Room size is 25x55 give or take I have 100 v3 and 690 v4. I do have an amp that I will be using but for my 2 subs. Can you provide me a couple of options if indeed I need and beefed avr, as far as price range I would like to stay between 500-800 if possible. Keep in mind I have not hooked any of this up yet so not really sure what kind of sound I will be getting with this current receiver and can you tell me what watt these speakers should be getting?


----------



## Jungle Jack (Jul 28, 2009)

bernch5 said:


> Room size is 25x55 give or take I have 100 v3 and 690 v4. I do have an amp that I will be using but for my 2 subs. Can you provide me a couple of options if indeed I need and beefed avr, as far as price range I would like to stay between 500-800 if possible. Keep in mind I have not hooked any of this up yet so not really sure what kind of sound I will be getting with this current receiver and can you tell me what watt these speakers should be getting?


Hello,
Depending on whether you can repurpose and or acquire at least a 2 channel amplifier (3 would be ideal) in the near future would predicate whether or not I went with a less expensive AVR with preamp outputs. Regardless, the AVR's that even include such provisions are always pretty high off the hog.

This Marantz is a smoking deal and a very nice AVR:http://www.accessories4less.com/mak...y-7.2-Home-Theater-Networking-Receiver/1.html
This Onkyo offers an amazing feature set for the money and prolly offers a smidge more power:http://www.accessories4less.com/mak...O-TX-NR828-7.2-Ch-Network-A/V-Receiver/1.html

If it was me, I would allocate around $400 and find an AVR with at least Audyssey MultEQ and the prerequisite preamp outputs and go with either a used 2/3 channel amplifier or something from proaudioland.
Cheers,
JJ


----------



## chashint (Jan 12, 2011)

Hook up what you have and see if it plays loud enough for you.
If yes then you are done.
If no keep this in mind, double the amplifier power equals 3dB more SPL and to get 3dB SPL on top of that you have to double the amplifier power again.
I didn't look up your AVR to check the power but if it is a modest 50 Watts output you have to jump to 200 Watts to get an additional 6dB SPL.
If it's 100 Watts then you have to jump to 400 Watts to get 6dB more SPL.


----------



## Jungle Jack (Jul 28, 2009)

chashint said:


> Hook up what you have and see if it plays loud enough for you.
> If yes then you are done.
> If no keep this in mind, double the amplifier power equals 3dB more SPL and to get 3dB SPL on top of that you have to double the amplifier power again.
> I didn't look up your AVR to check the power but if it is a modest 50 Watts output you have to jump to 200 Watts to get an additional 6dB SPL.
> If it's 100 Watts then you have to jump to 400 Watts to get 6dB more SPL.

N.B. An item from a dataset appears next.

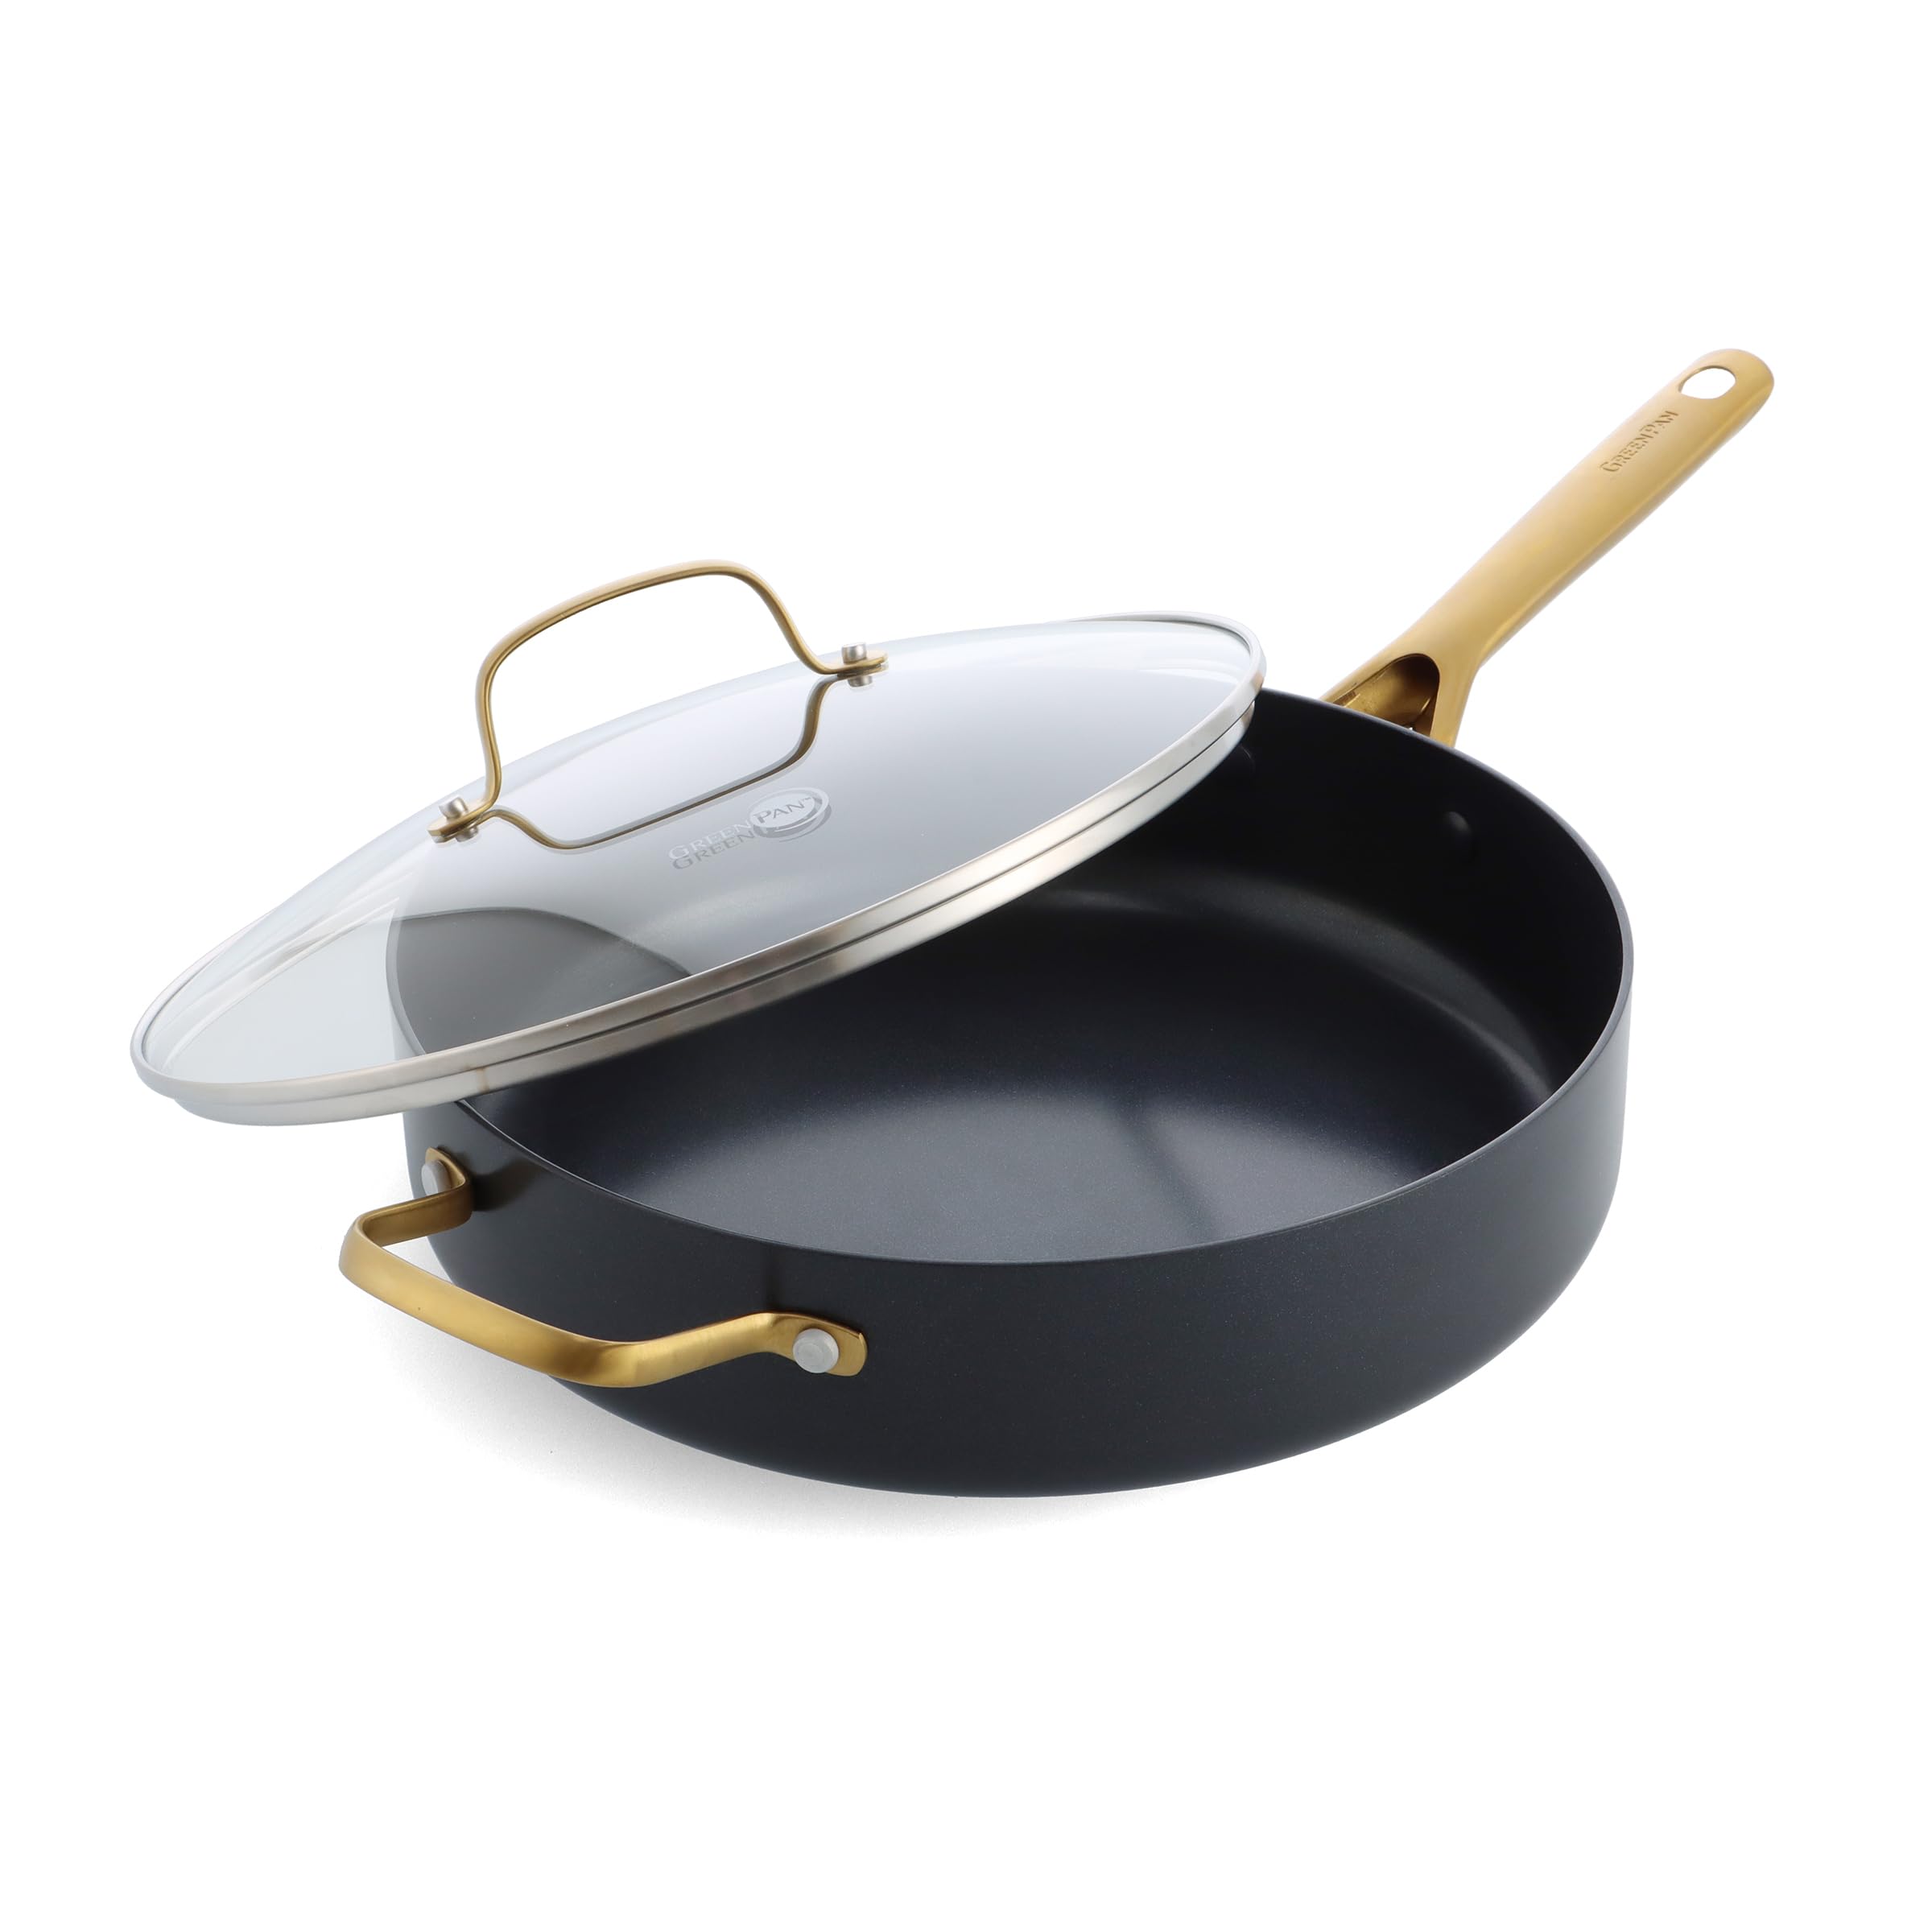 GreenPan Deco Hard Anodized Healthy Ceramic Nonstick 12” Saute Pan with Lid, Gold-Tone Stainless Steel Handle, Durable, Scratch Resistant, Dishwasher & Oven Safe, PFAS-Free, Black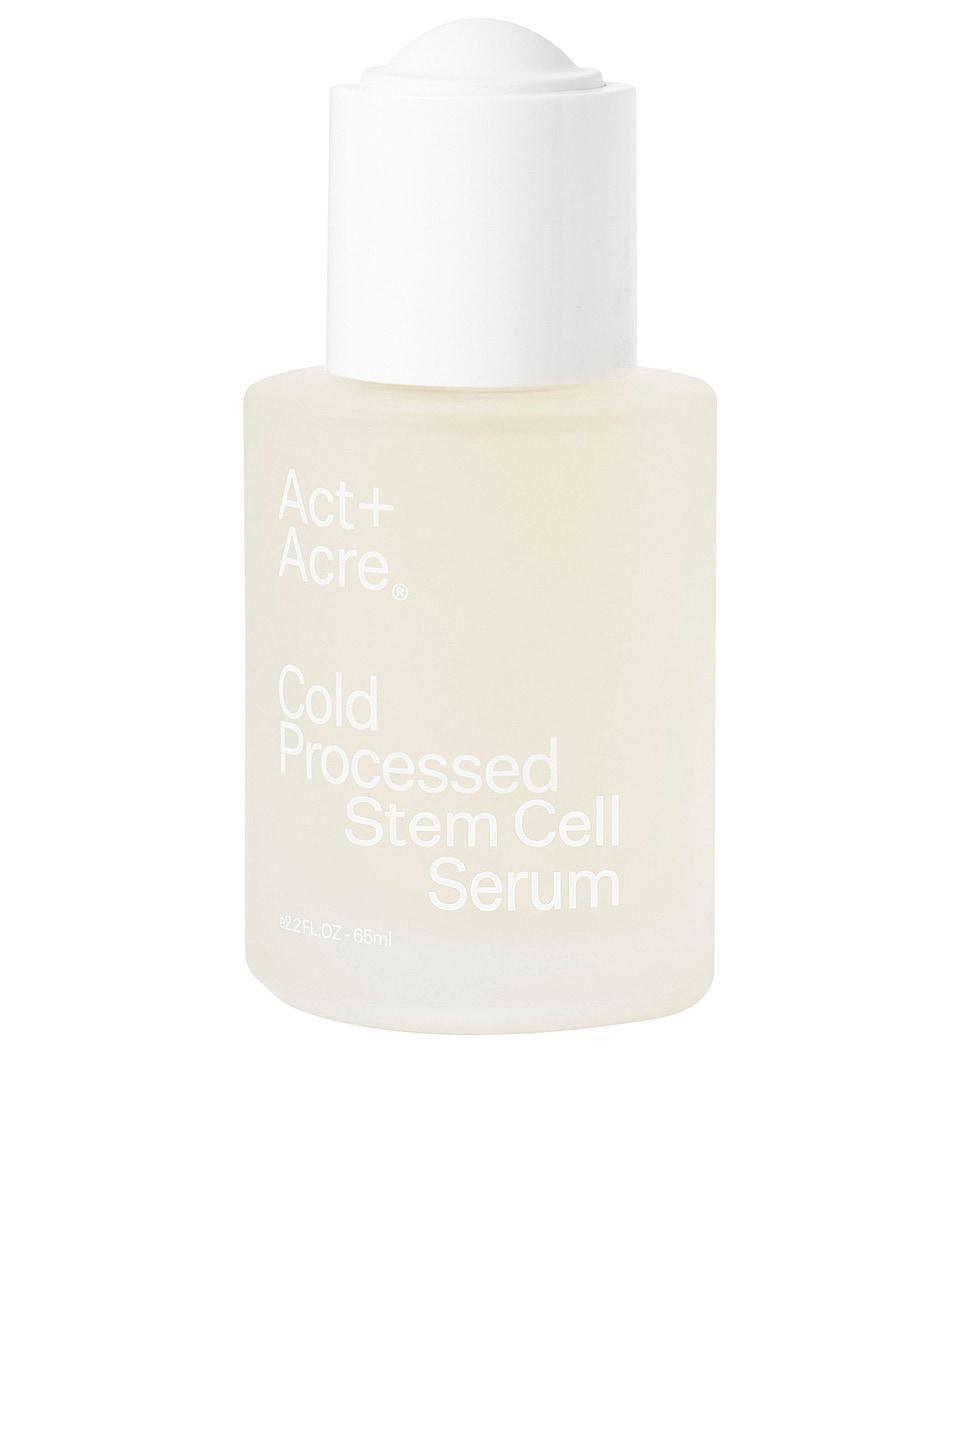 Act Acre stem cell serum

Solid advice. It is just after having Studio 100's for around 8 years, it was truly an epiphany when I added relatively powerful power amplifiers. (Aragon 8008bb, Parasound HCA-3500)


----------



## chashint (Jan 12, 2011)

Jungle Jack said:


> Hello,
> Depending on whether you can repurpose and or acquire at least a 2 channel amplifier (3 would be ideal) in the near future would predicate whether or not I went with a less expensive AVR with preamp outputs. Regardless, the AVR's that even include such provisions are always pretty high off the hog.
> 
> This Marantz is a smoking deal and a very nice AVR:http://www.accessories4less.com/mak...y-7.2-Home-Theater-Networking-Receiver/1.html
> ...


I think these AVRs are excellent units and if your Yammy is not up to the task either of these would make an excellent choice and in the event you want to add external amps in the future they both offer that capability.


----------



## bernch5 (May 31, 2013)

Okay I've come across this and wanted to see if spending this kind of money on this is a great deal and should do or just continue to look for one of the listed avr on this thread. I found a avr integra dtc 98 and amp b&k reference 200.7 for 1200. Will this be necessary for what I have and see a big difference or just staying with the marantz or onkyo will be about the same but less money.


----------



## chashint (Jan 12, 2011)

If the units are in like new condition, that would make a very nice system.


----------



## bernch5 (May 31, 2013)

Yes I'm sure it is a nice system but I need to know is this is the route to go and spend this kind of money or reach out with one of the mentioned receivers for less money and be fine for what I'm using it for.


----------



## chashint (Jan 12, 2011)

Well the AVRs I like are approximately $1k or more unless they are refurb, used, or close out...so $1200 does not seem extraordinary to me.
Do I think the system you found for $1200 will sound better than the refurb Marantz SR7005 for $700 ??
No, I really don't think it will.
I also think a big part of being satisfied with a sound system is to get what you really want.
If you want a processor and an amplifier you will always have doubts about ant AVR you may "settle" for and this will affect your satisfaction.


----------